The transition from Little League to AAU comes with many questions, but the good news is that these travel leagues will provide a support system and structure to help your child succeed in highly competitive baseball. 

In this article, we will cover everything you need to know about travel baseball and help answer any questions that will help you determine whether or not these types of leagues make sense for your child. 

Travel Organizations

Let’s not beat around the bush. Travel baseball is a business. This market has exploded over the past decade, and the youth sports industry expects to grow more as travel teams become more popular.

This $15b youth sports market in the US rivals that of the $14 billion NFL, so you know we are talking about big business.

However, this business presents kids as young as eight with opportunities to team with other skilled players to play against better competition in their area. Teams will compete with other travel teams within the state and participate in regular tournaments. 
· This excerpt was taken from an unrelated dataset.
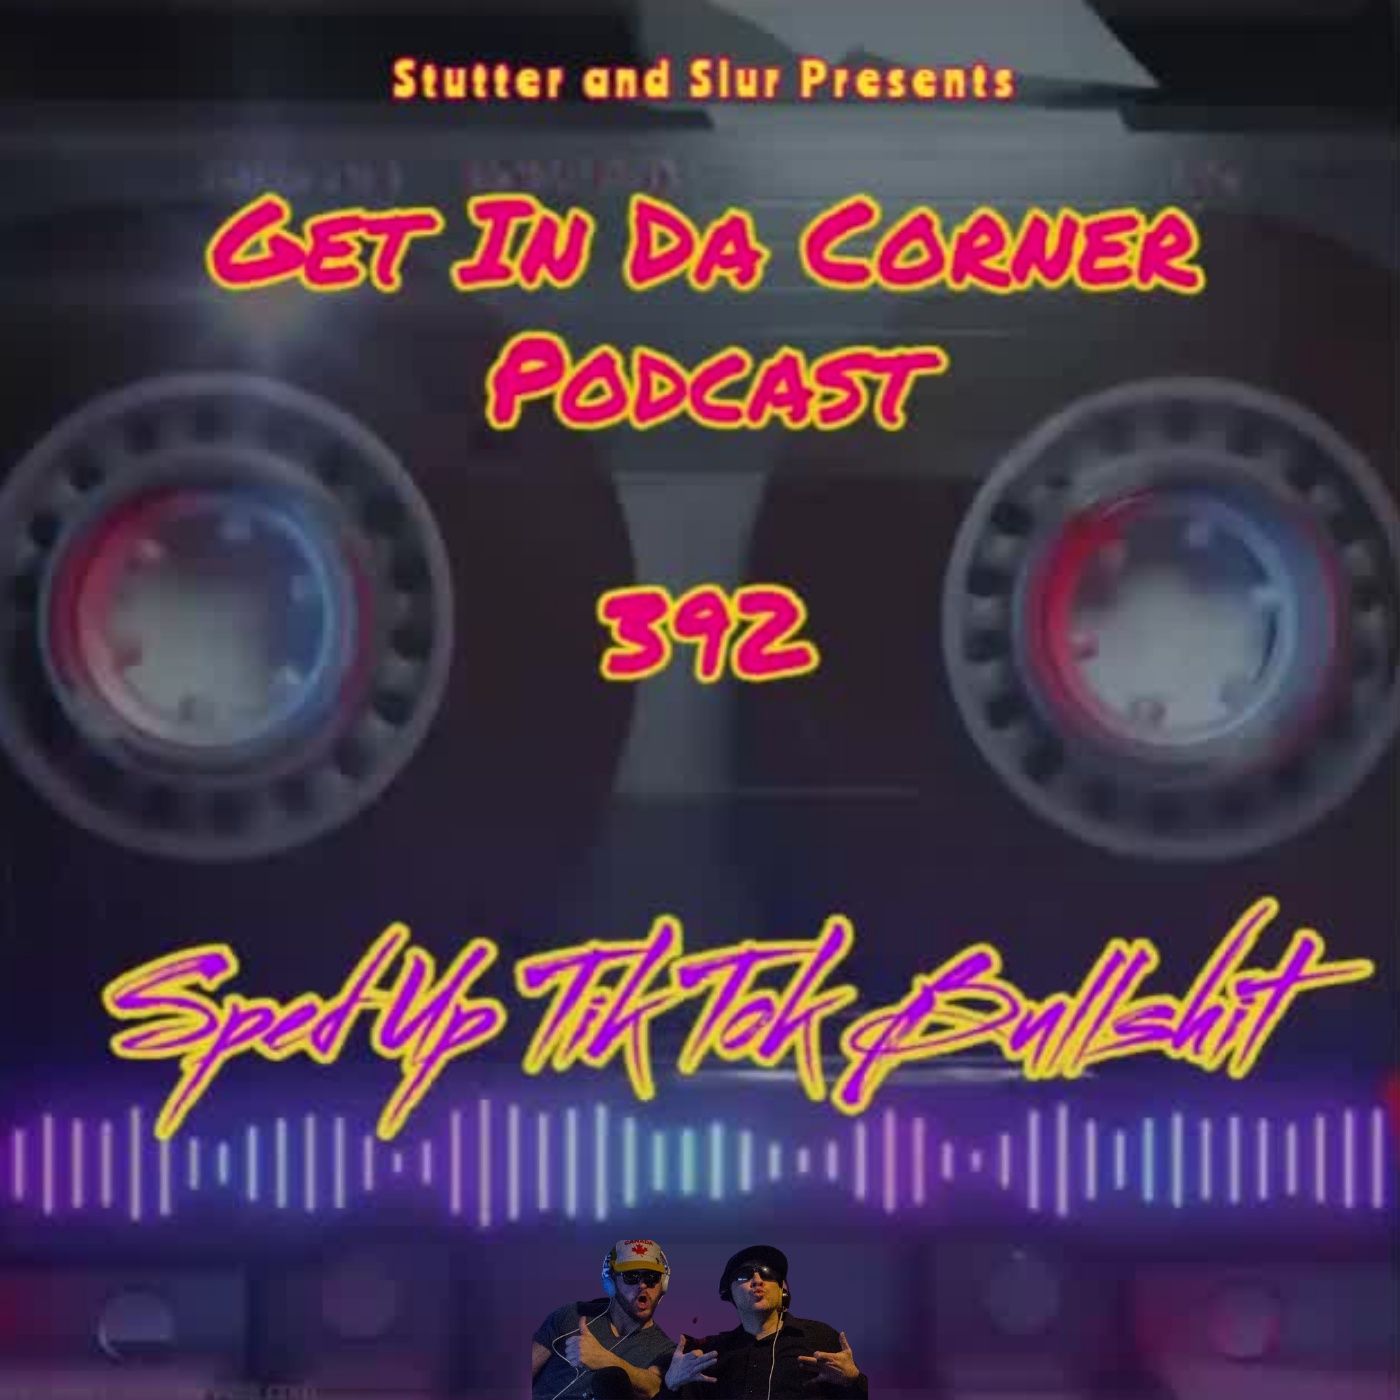 Get In Da Corner podcast 392   SPED UP TIK TOK BULLSHIT

When people hear “travel baseball,” they immediately think the team goes all over the country every weekend to participate in different tournaments. In some cases, that may be true, but when I think of travel baseball, I think of some of the better local players coming from all over and trying out for the team. If you are on more of a showcase team, you will often have players come from all over the country. 

There are thousands of travel baseball teams throughout the country, and most play in tournaments or leagues organized by AAU, USSSA, and Perfect Game.

Playing in one of these leagues is almost a requirement if you are a talented ballplayer and are serious about your baseball career. While expensive, these leagues will help players develop their skills and play against some of the area’s best competition.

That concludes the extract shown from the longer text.